# Hatchet



## RAXL (Jul 9, 2004)

Anybody make it to see the new Kane Hodder/Robert Englund/Tony Todd-homage to Friday the 13th movie- Hatchet yet? 
It had it's somewhat limited nationwide opening this weekend.:voorhees:


----------



## RAXL (Jul 9, 2004)

_FINALLY_ saw Hatchet today. 
Great fun, lots of gore. By all means see the unrated directors cut.

My only problem, and I saw this coming about 15 seconds before it hit, was the ending. For a movie that prides itself on "old school American horror", I was really disapointed to see a totally "new school" ending.
Oh, well, it's a minor quibble, and one many people may not even care about.

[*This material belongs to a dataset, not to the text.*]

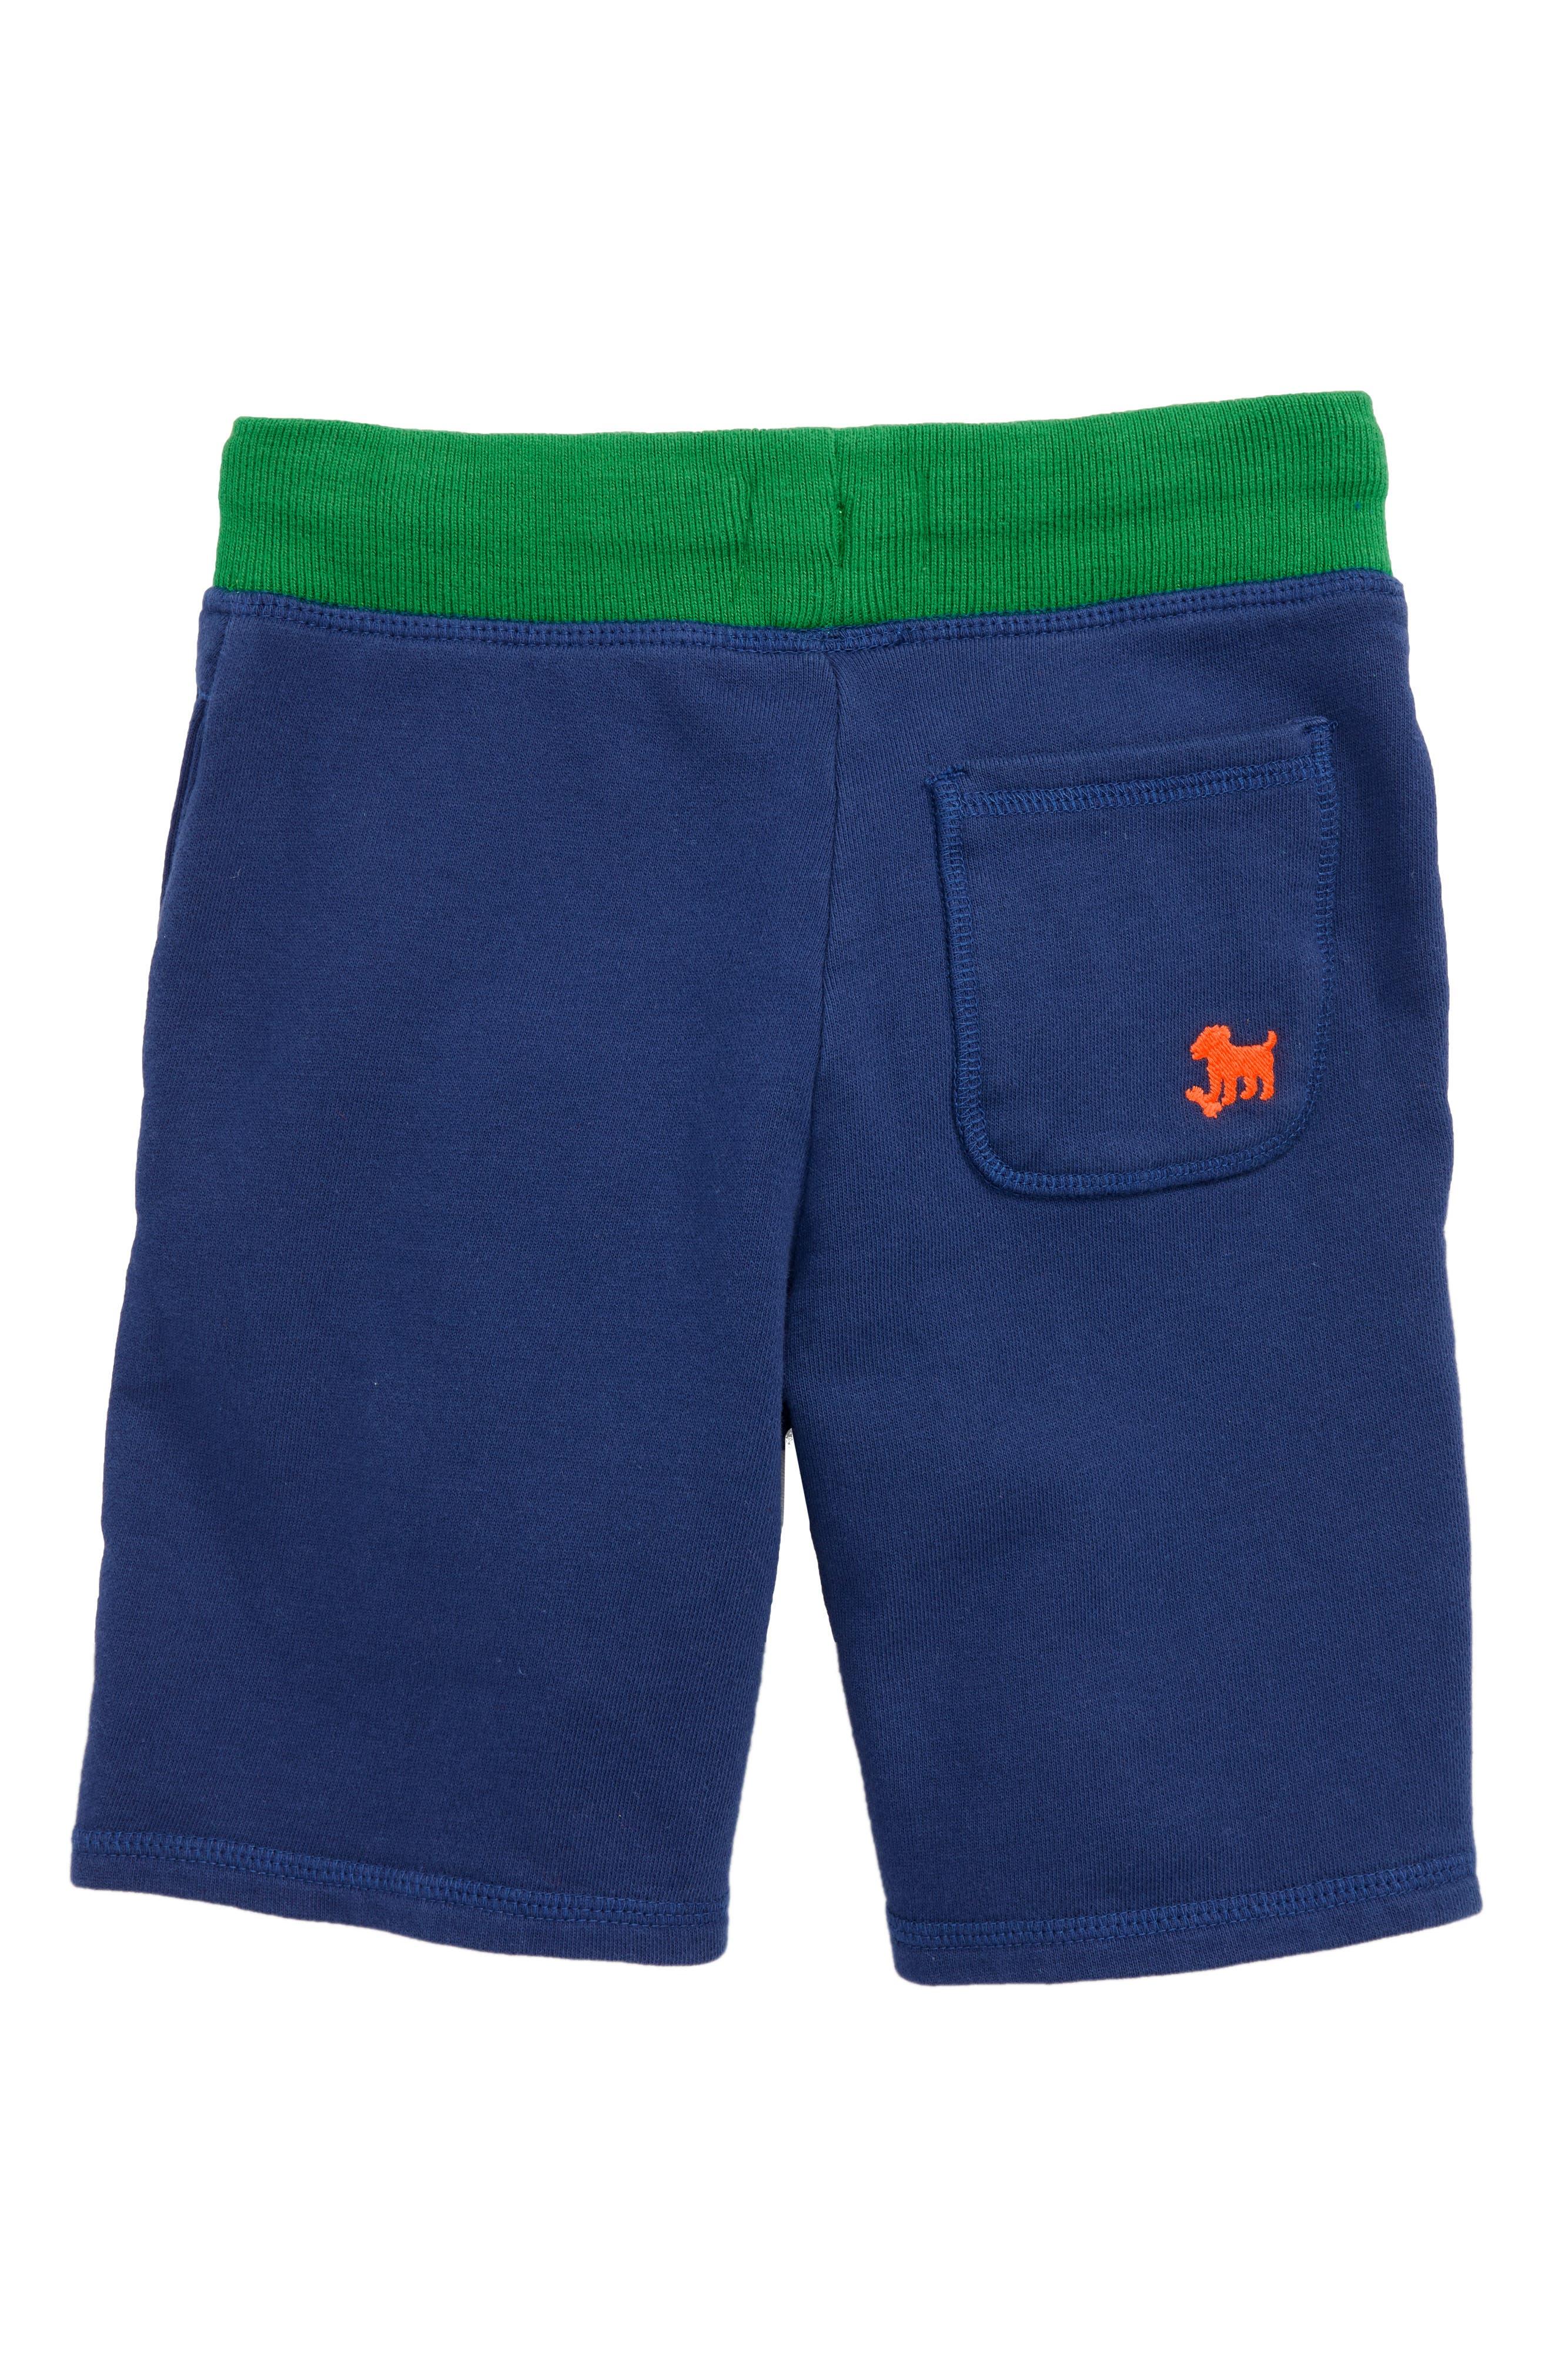 Crocodile Appliqué Sweat Shorts,                             Alternate thumbnail 2, color,                             Beacon Blue Crocodile
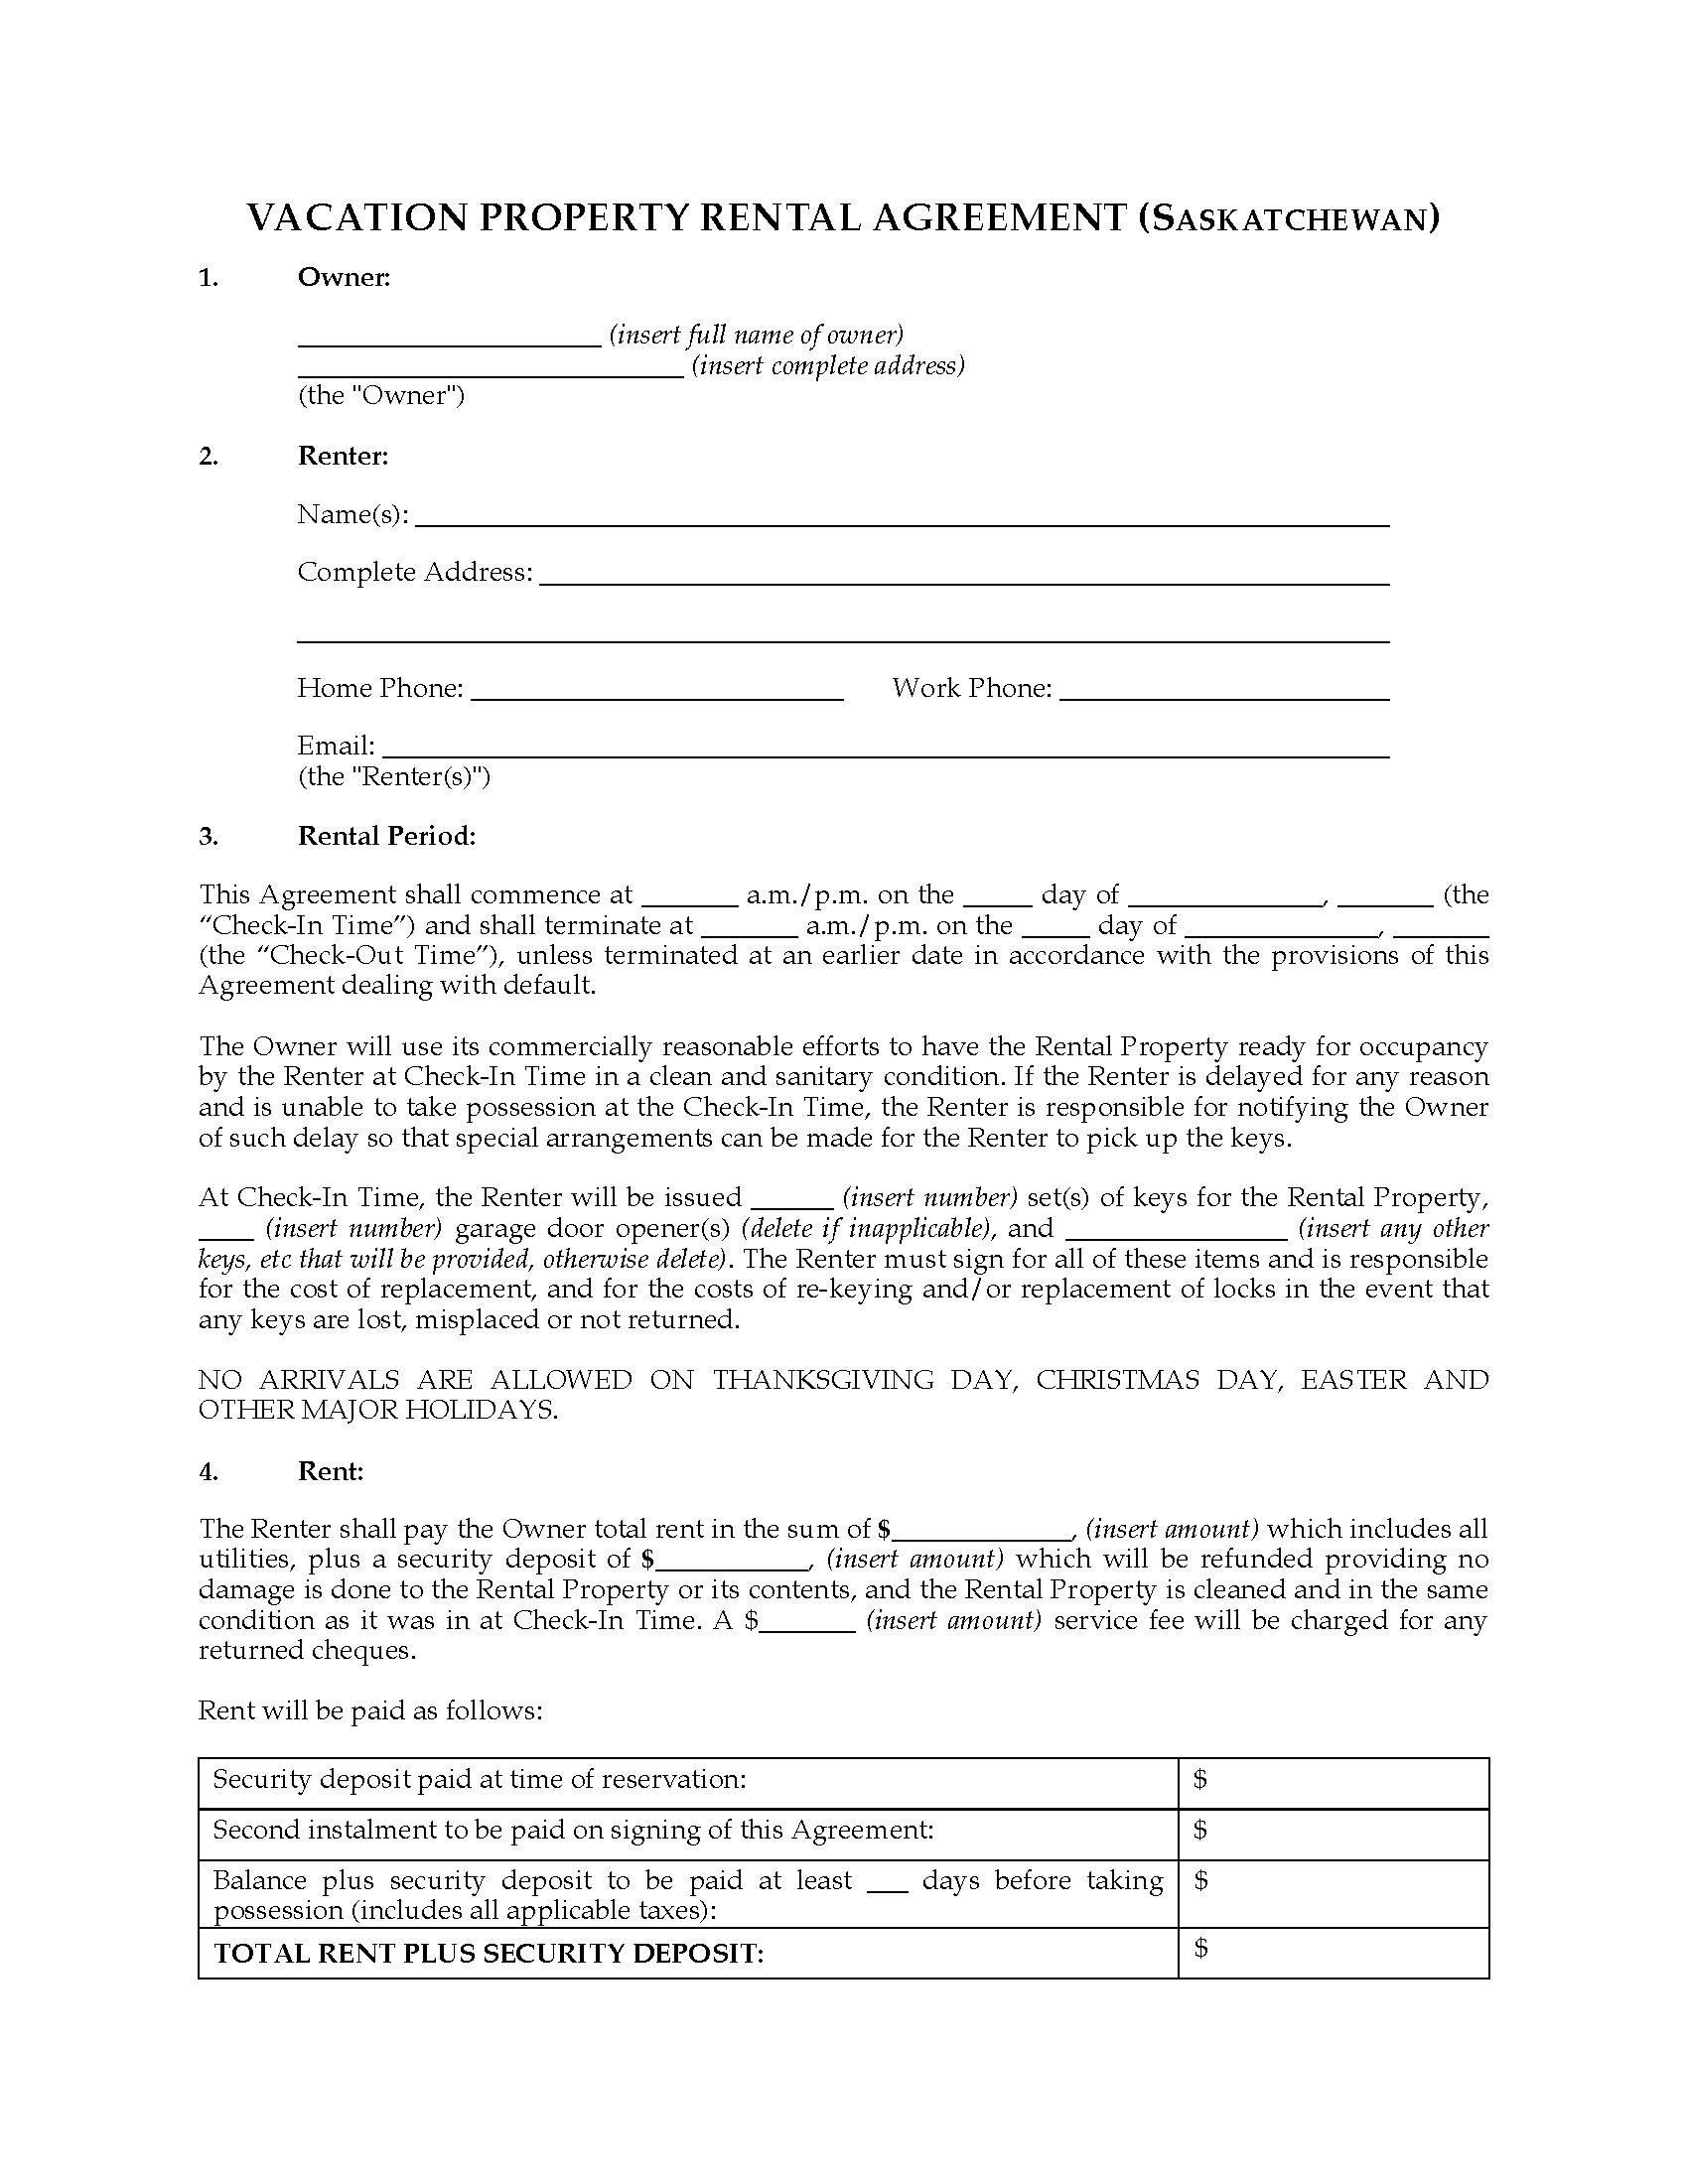 Room Rental Agreement Template Saskatchewan

You should certainly check it out. I guarantee you will like it more than that crap ass remake/sequel of Friday the 13th they're currently working on.:voorhees:


----------



## Sinister (Apr 18, 2004)

> You should certainly check it out. I guarantee you will like it more than that crap ass remake/sequel of Friday the 13th they're currently working on.:voorhees:


Yeah, Rob, I know your ass will be plopped down in a theater seat the second this flick hits on Friday, Feb. 13th 2009. :voorhees: :ninja:


----------